東証前引け 続落 短期の地合い悪化、中国統計や円高も重荷
15日午前の東京株式市場で日経平均株価は続落し、前日比264円66銭(0.93%)安の2万8343円83銭で終えた。中国の経済統計など重要な指標の発表を前に積極的な売買を手控えるムードが強い中、短期的な地合いが悪化しているとみた投資家が主力銘柄を売ったことで、下げ幅を広げた。外国為替市場で円高・ドル安が進み、自動車や機械といった輸出関連銘柄の重荷となった。

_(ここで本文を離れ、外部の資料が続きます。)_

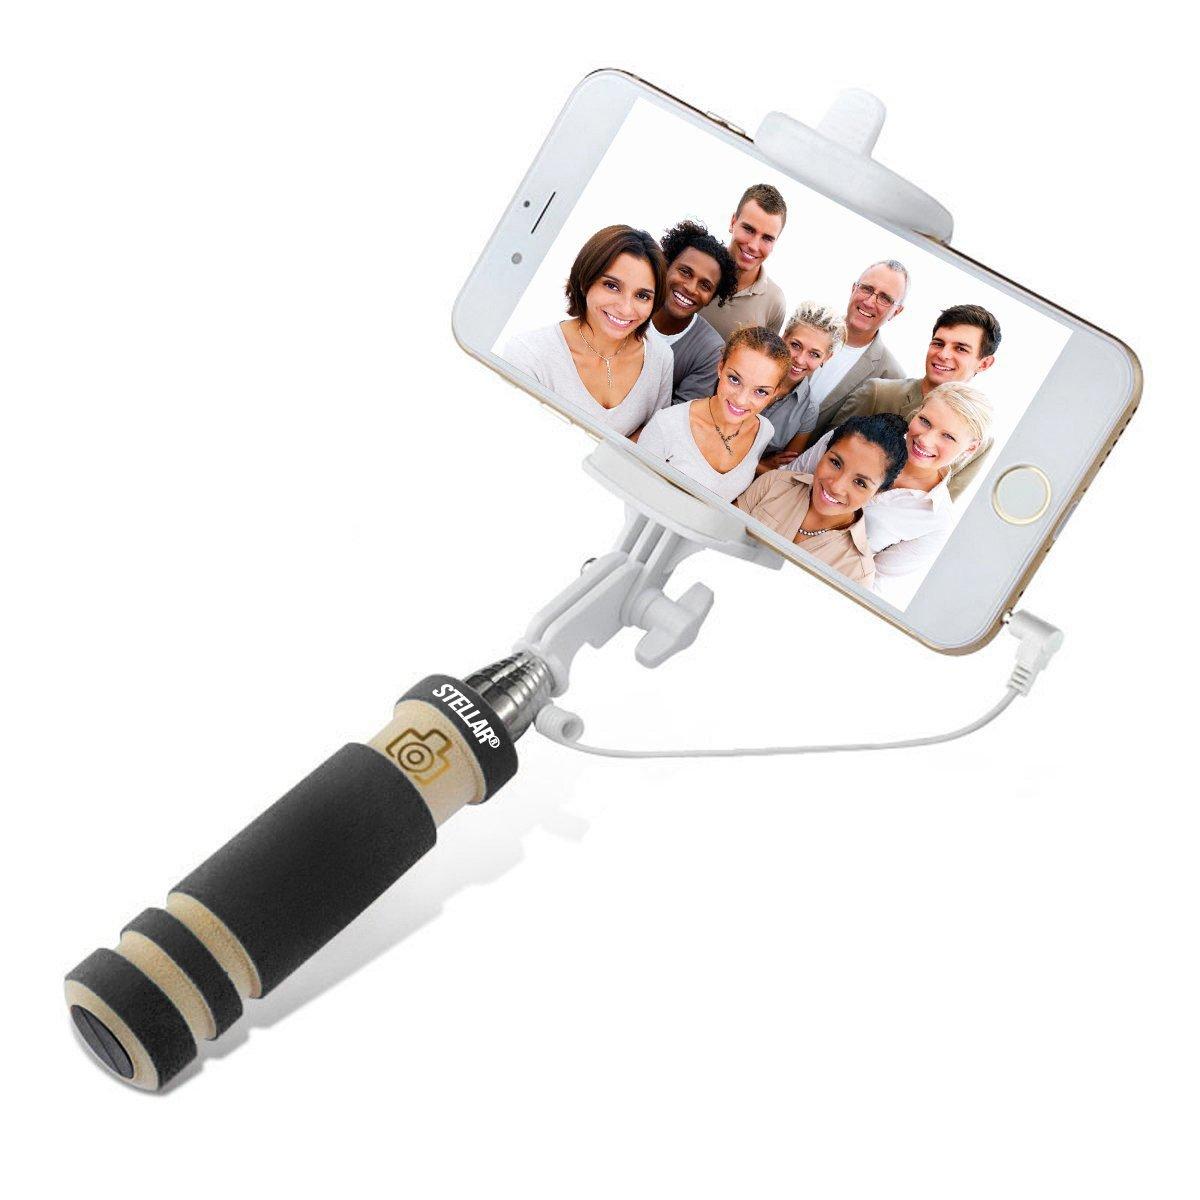 Selfie Stick by Stellar(TM) 1 Piece U-Shape Folding Selfie Stick Does Not Spin Extendable No Bluetooth No Batteries Black Colour Universal Phone Holder Clip (NEW Version - Audio Cable)

前日の米株式市場では米長期金利の低下を受けて金利低下局面で買われやすい高PER(株価収益率)の主力ハイテク株に買いが入った。ただ、「中小型の高PER銘柄の一部が売られ、将来的な金利上昇への警戒が根強いことを示した」(大和証券の林健太郎シニアストラテジスト)との見方がある。東京市場でも高PER銘柄の一部が売られ、指数を押し下げた。
午前に発表された中国の4~6月期の実質国内総生産(GDP)は前年同期比7.9%増だった。同時に発表した6月の経済指標では経済成長のペースが鈍化したことを意識させる内容もあって、日本株の弱材料として意識された。
日経平均は戻りの鈍さが嫌気され、短期的な地合いが悪化しているとの見方がある。主力銘柄に持ち高調整の売りが出やすかった一方で、倉庫や建設の一部には買いが入った。「衆院の解散・総選挙を前に補正予算が組まれるとにらみ、内需関連の一部が物色対象となった可能性がある」(ピクテ投信投資顧問の糸島孝俊ストラテジスト)との指摘が出ていた。
東証株価指数(TOPIX)は続落し、午前終値は前日比0.86%安だった。JPX日経インデックス400も続落した。
前引け時点の東証1部の売買代金は概算で9904億円、売買高は4億6250万株だった。東証1部の値下がり銘柄数は1480と、全体の7割弱を占めた。値上がりは580、変わらずは126だった。
ニコンが5%超下げた。いすゞや日野自が売られた。リクルートやエムスリーも安かった。一方、住友大阪や太平洋セメが高かった。清水建や大成建が買われた。スクリンも上昇した。